__WORK INSTRUCTION__. Among the entries below, how many lines include the string "Seite"? Answer with only the number.

[[ INPUT DATA, beginning ]]

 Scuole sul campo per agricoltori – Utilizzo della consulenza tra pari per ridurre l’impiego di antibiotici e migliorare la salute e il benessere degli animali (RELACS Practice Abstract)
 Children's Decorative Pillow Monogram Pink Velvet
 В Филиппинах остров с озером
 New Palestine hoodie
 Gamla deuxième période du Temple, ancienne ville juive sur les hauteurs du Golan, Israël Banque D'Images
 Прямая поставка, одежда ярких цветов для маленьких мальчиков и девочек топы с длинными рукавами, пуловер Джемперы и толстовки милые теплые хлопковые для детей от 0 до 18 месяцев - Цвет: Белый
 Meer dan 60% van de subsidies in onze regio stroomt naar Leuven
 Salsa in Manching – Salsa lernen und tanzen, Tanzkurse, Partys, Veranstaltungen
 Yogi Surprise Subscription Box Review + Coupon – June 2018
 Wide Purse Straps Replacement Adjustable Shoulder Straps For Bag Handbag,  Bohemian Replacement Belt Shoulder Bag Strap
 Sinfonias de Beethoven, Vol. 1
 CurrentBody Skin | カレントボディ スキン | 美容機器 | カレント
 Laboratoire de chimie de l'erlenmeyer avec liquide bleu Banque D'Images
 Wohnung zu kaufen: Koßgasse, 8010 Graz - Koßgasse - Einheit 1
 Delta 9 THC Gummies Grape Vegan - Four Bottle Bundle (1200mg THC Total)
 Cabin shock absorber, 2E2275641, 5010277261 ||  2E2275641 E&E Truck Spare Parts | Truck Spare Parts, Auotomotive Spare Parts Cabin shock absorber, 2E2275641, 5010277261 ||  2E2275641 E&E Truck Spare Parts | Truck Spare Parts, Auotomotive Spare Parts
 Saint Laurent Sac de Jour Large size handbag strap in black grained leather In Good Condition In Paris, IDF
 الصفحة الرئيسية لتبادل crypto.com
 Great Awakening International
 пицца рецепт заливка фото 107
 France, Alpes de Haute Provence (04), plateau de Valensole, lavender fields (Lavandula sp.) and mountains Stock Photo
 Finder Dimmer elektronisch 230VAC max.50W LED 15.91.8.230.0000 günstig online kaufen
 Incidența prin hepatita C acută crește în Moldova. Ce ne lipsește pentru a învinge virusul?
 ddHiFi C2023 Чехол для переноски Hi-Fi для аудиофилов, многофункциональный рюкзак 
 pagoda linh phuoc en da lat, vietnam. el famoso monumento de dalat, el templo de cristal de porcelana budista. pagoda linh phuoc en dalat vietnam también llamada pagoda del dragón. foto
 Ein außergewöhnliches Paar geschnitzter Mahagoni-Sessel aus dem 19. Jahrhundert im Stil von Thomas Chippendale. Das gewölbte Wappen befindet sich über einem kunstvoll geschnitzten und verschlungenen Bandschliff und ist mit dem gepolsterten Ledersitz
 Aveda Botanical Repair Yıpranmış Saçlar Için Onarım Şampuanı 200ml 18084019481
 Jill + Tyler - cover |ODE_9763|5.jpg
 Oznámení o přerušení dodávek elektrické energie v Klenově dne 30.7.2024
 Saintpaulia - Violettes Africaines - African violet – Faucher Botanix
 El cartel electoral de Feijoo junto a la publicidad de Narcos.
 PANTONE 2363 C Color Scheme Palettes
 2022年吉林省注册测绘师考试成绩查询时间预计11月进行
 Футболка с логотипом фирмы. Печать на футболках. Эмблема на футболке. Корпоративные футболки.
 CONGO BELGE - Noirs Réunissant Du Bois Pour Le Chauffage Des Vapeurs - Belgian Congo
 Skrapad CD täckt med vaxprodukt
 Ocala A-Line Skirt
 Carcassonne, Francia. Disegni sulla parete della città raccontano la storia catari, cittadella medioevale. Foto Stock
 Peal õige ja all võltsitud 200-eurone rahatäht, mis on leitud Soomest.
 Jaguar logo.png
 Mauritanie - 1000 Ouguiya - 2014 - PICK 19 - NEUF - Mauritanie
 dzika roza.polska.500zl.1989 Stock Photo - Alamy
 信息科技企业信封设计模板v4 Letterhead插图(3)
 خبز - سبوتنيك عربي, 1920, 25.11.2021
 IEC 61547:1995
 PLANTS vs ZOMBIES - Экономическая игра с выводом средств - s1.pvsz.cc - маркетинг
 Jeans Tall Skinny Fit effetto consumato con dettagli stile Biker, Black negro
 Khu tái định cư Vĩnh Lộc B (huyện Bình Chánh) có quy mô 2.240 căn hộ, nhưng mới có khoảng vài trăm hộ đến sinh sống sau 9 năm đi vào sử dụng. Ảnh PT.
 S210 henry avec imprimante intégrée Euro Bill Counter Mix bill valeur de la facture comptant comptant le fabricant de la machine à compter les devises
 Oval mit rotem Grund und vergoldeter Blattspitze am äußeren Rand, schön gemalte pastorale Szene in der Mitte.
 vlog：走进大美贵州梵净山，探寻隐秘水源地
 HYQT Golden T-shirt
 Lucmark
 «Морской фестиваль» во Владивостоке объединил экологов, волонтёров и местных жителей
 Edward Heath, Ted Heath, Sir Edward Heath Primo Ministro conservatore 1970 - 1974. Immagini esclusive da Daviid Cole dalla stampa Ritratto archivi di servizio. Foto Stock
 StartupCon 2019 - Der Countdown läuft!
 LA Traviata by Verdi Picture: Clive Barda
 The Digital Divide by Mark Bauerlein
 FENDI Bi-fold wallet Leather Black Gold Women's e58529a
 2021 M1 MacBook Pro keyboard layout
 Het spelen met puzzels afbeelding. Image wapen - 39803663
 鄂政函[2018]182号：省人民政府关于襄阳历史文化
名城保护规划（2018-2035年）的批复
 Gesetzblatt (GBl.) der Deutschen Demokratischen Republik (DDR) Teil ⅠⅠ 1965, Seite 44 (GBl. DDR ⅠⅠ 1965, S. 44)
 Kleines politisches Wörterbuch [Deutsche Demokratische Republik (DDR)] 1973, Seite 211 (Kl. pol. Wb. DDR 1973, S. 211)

[[ INPUT DATA, end ]]

__WORKED SOLUTION__. 2